- _Data shown_
• • • • • • •
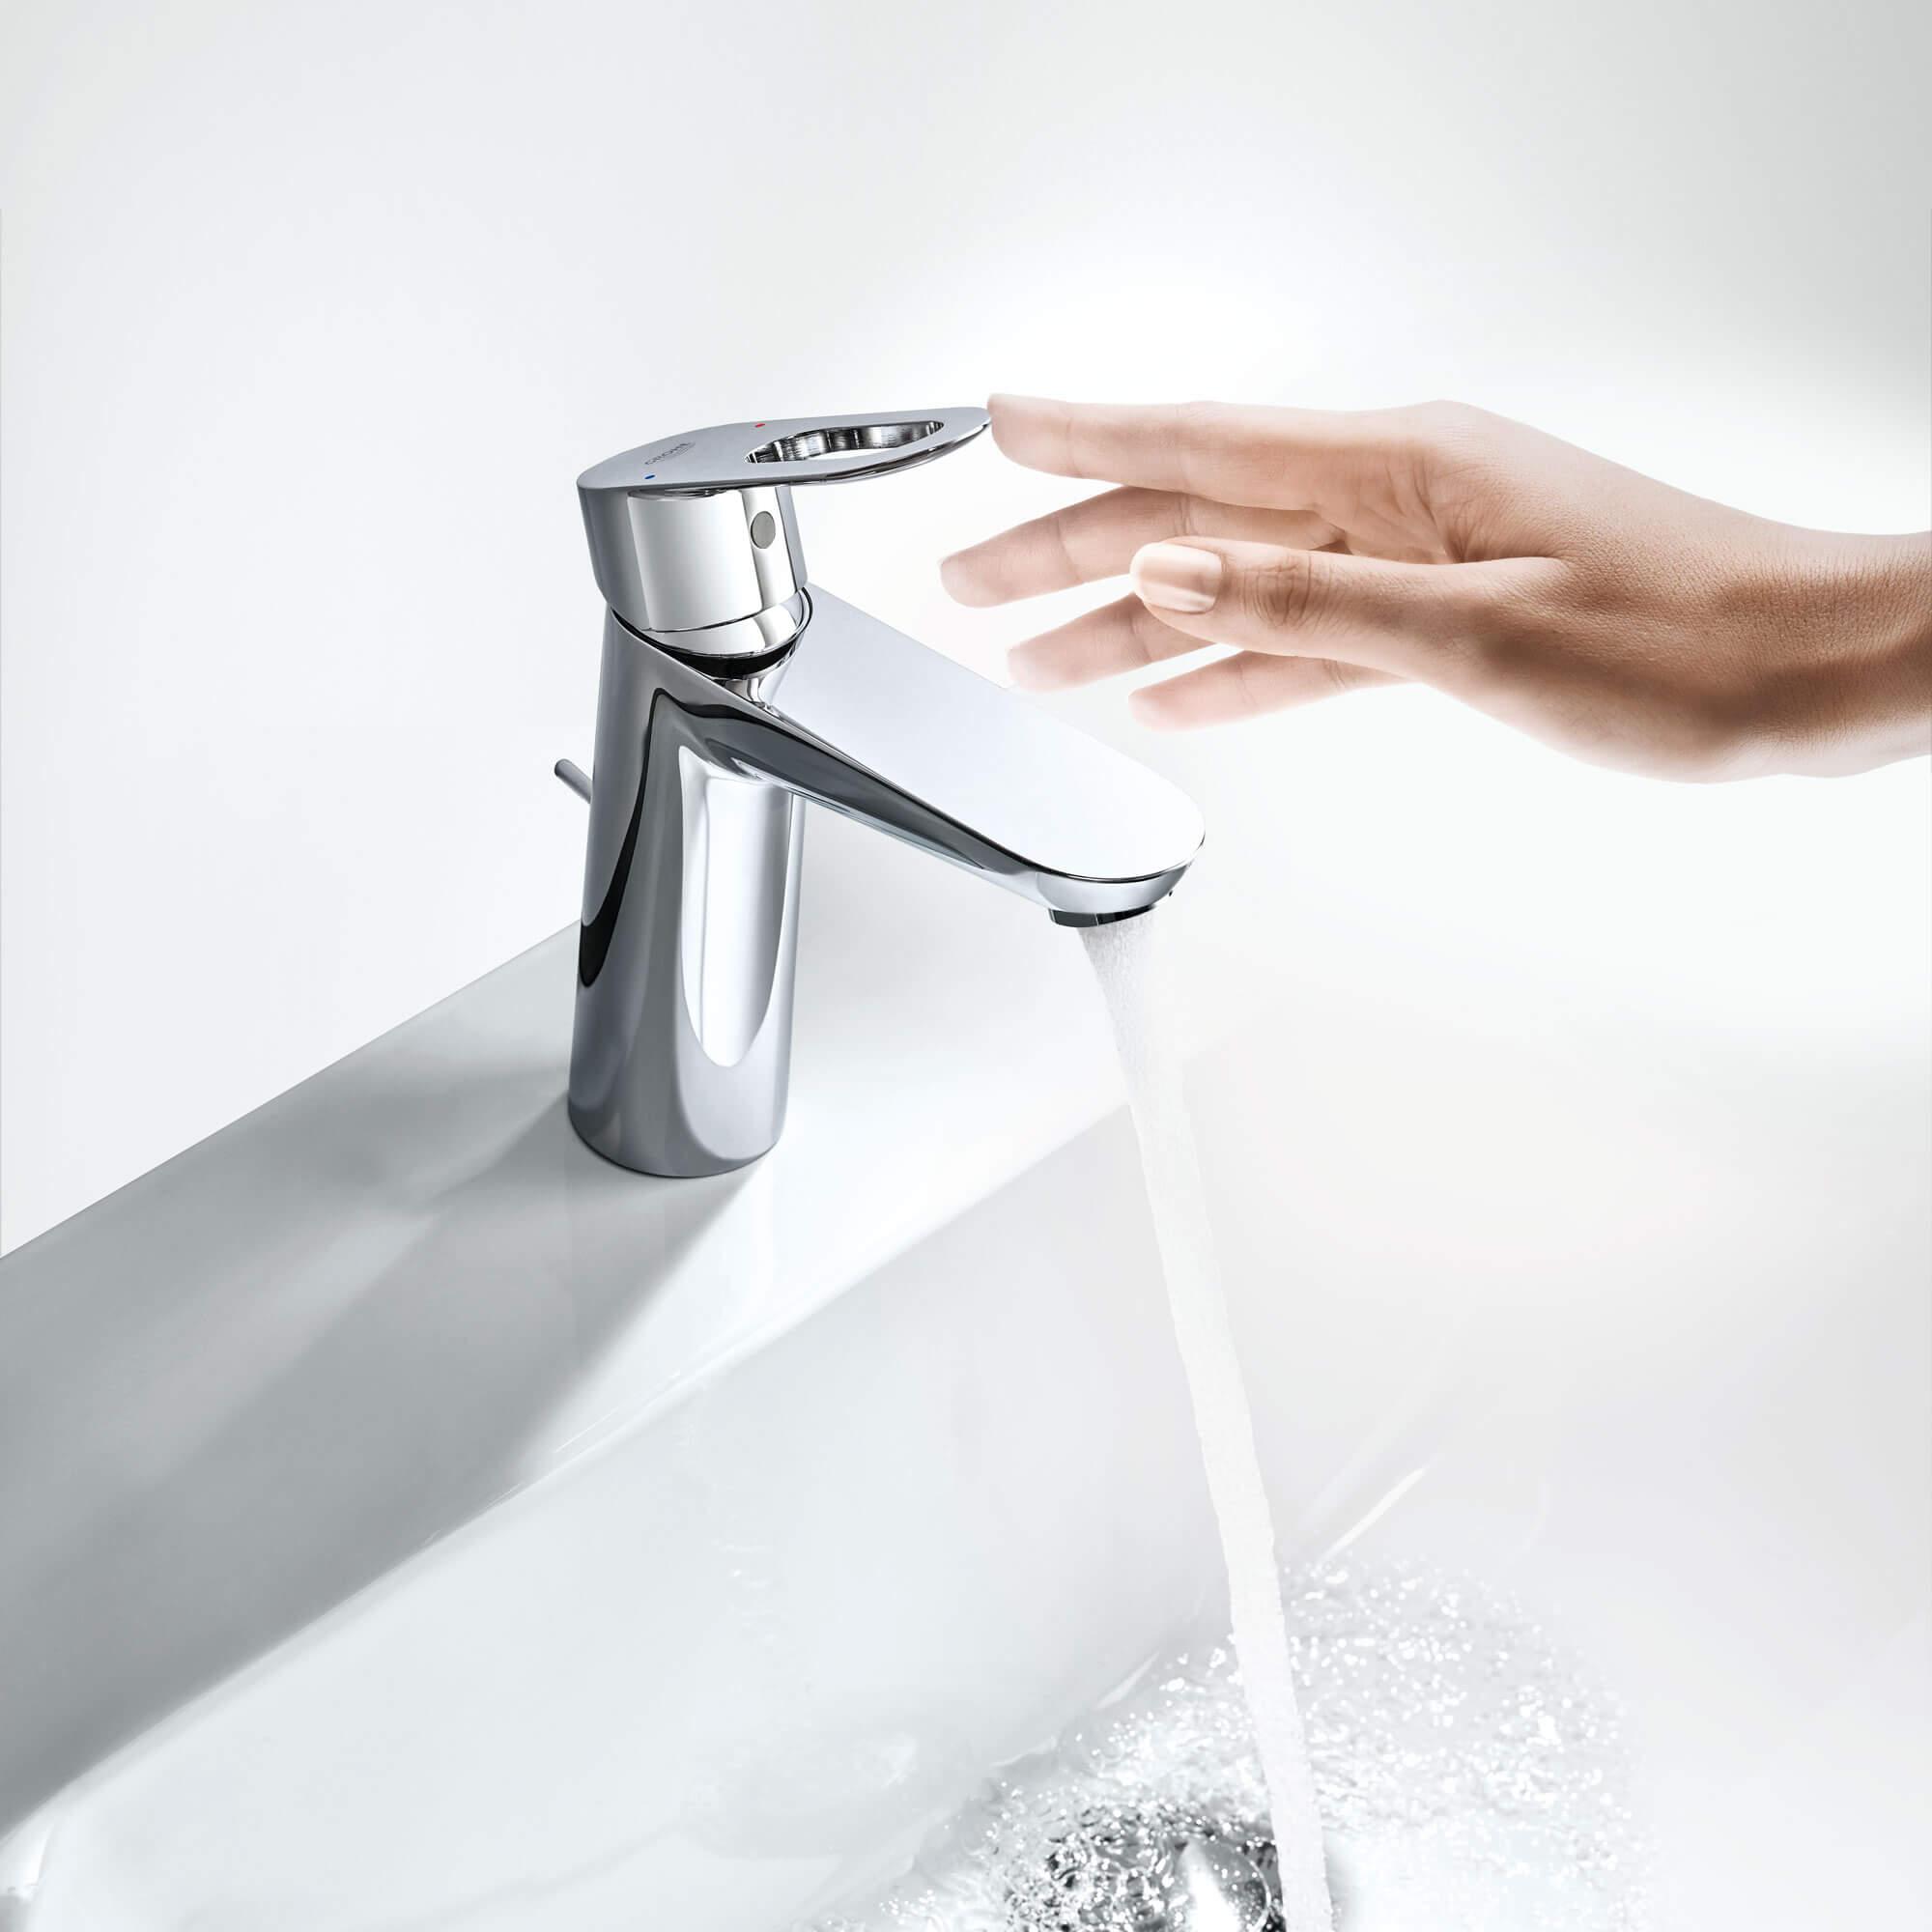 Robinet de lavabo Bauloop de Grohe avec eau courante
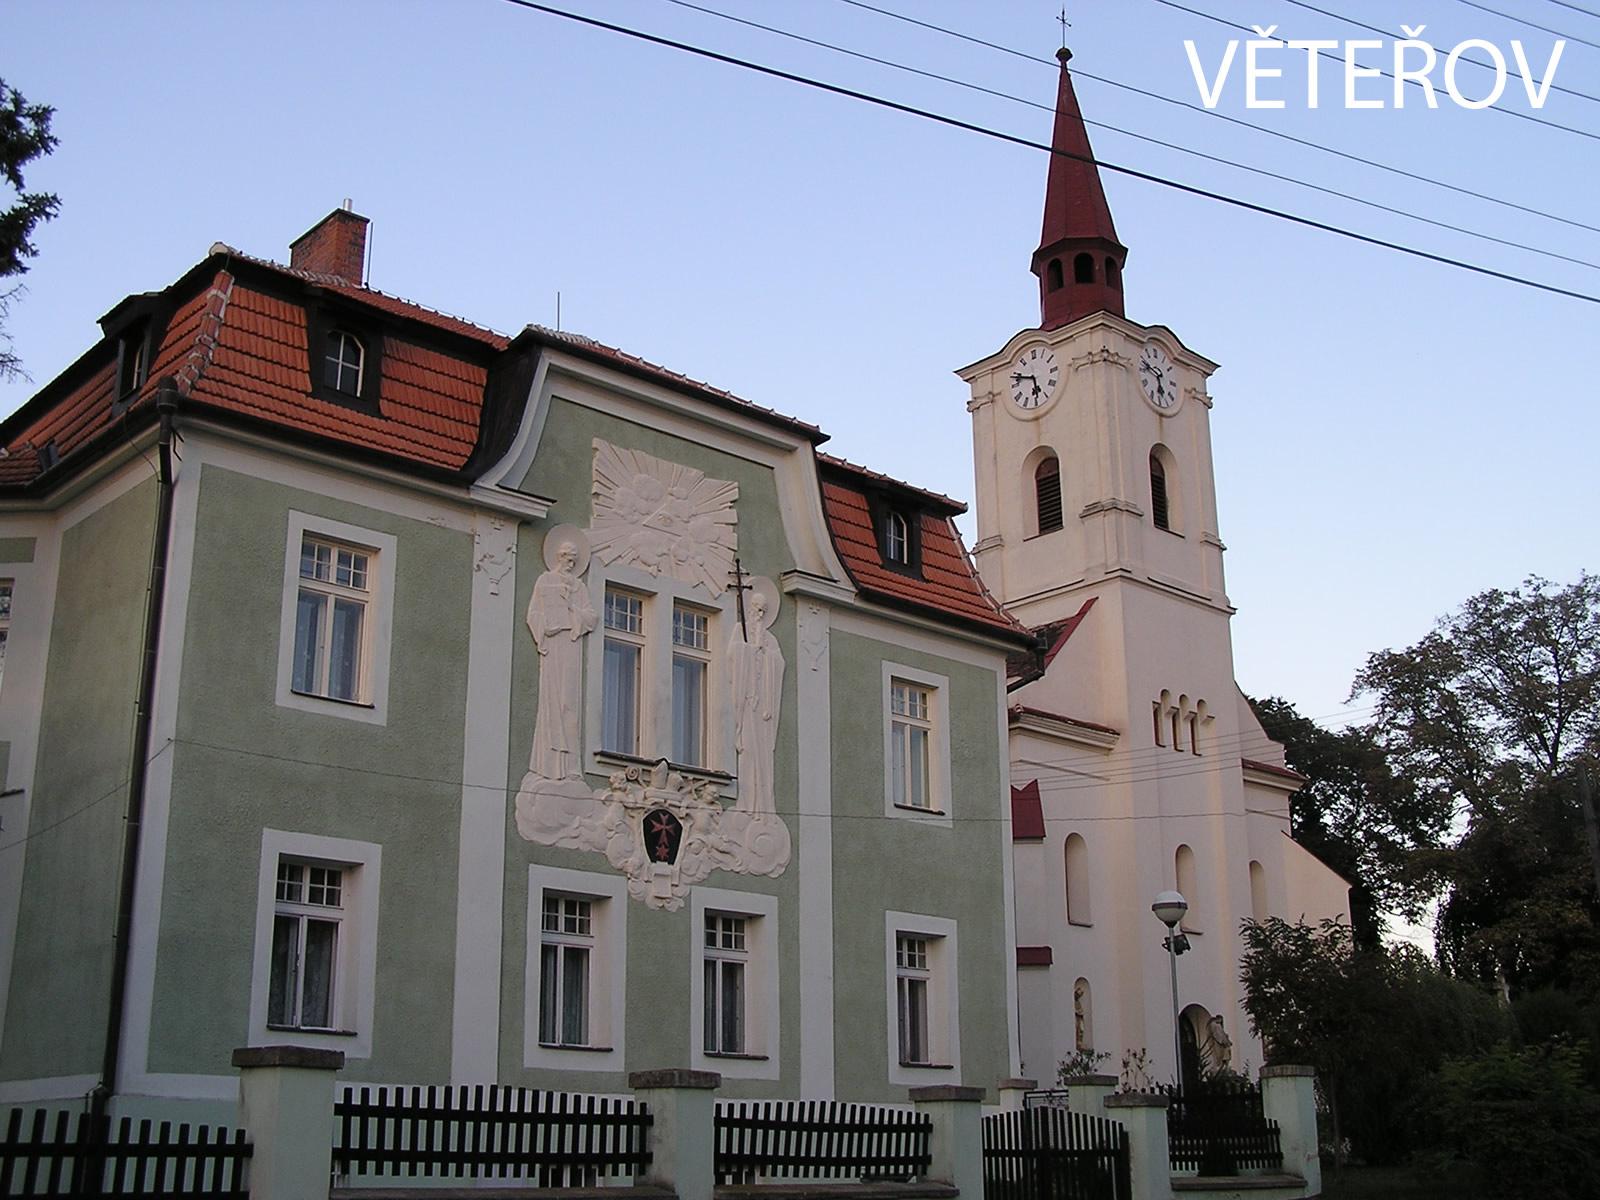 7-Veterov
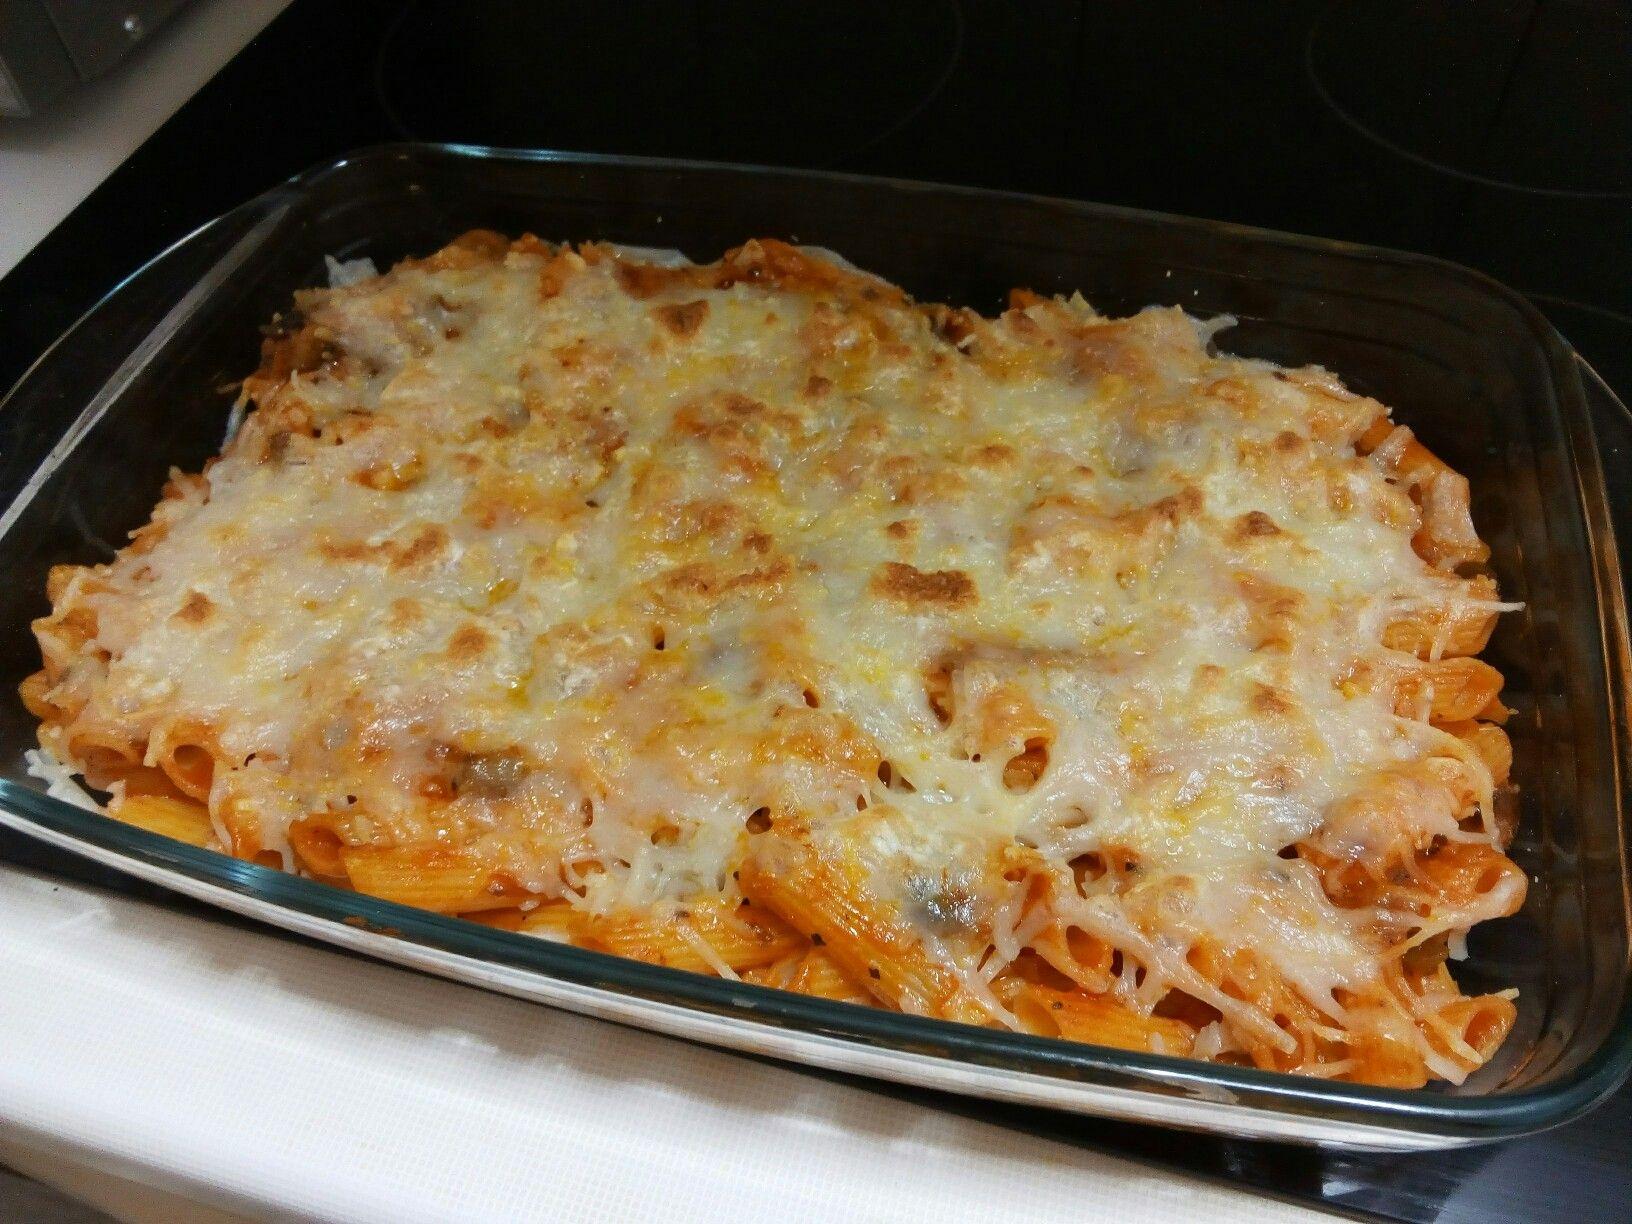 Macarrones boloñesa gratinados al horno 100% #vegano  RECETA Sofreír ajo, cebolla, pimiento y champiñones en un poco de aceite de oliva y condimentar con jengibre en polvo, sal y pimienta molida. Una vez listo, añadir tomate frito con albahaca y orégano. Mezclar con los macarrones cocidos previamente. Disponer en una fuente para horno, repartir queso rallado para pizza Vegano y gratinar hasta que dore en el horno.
• • • • • • •
- _Problem to work on_
Repeat the listing exactly, minus its pictures.

- _Result of this task_
 Robinet de lavabo Bauloop de Grohe avec eau courante
 7-Veterov
 Macarrones boloñesa gratinados al horno 100% #vegano  RECETA Sofreír ajo, cebolla, pimiento y champiñones en un poco de aceite de oliva y condimentar con jengibre en polvo, sal y pimienta molida. Una vez listo, añadir tomate frito con albahaca y orégano. Mezclar con los macarrones cocidos previamente. Disponer en una fuente para horno, repartir queso rallado para pizza Vegano y gratinar hasta que dore en el horno.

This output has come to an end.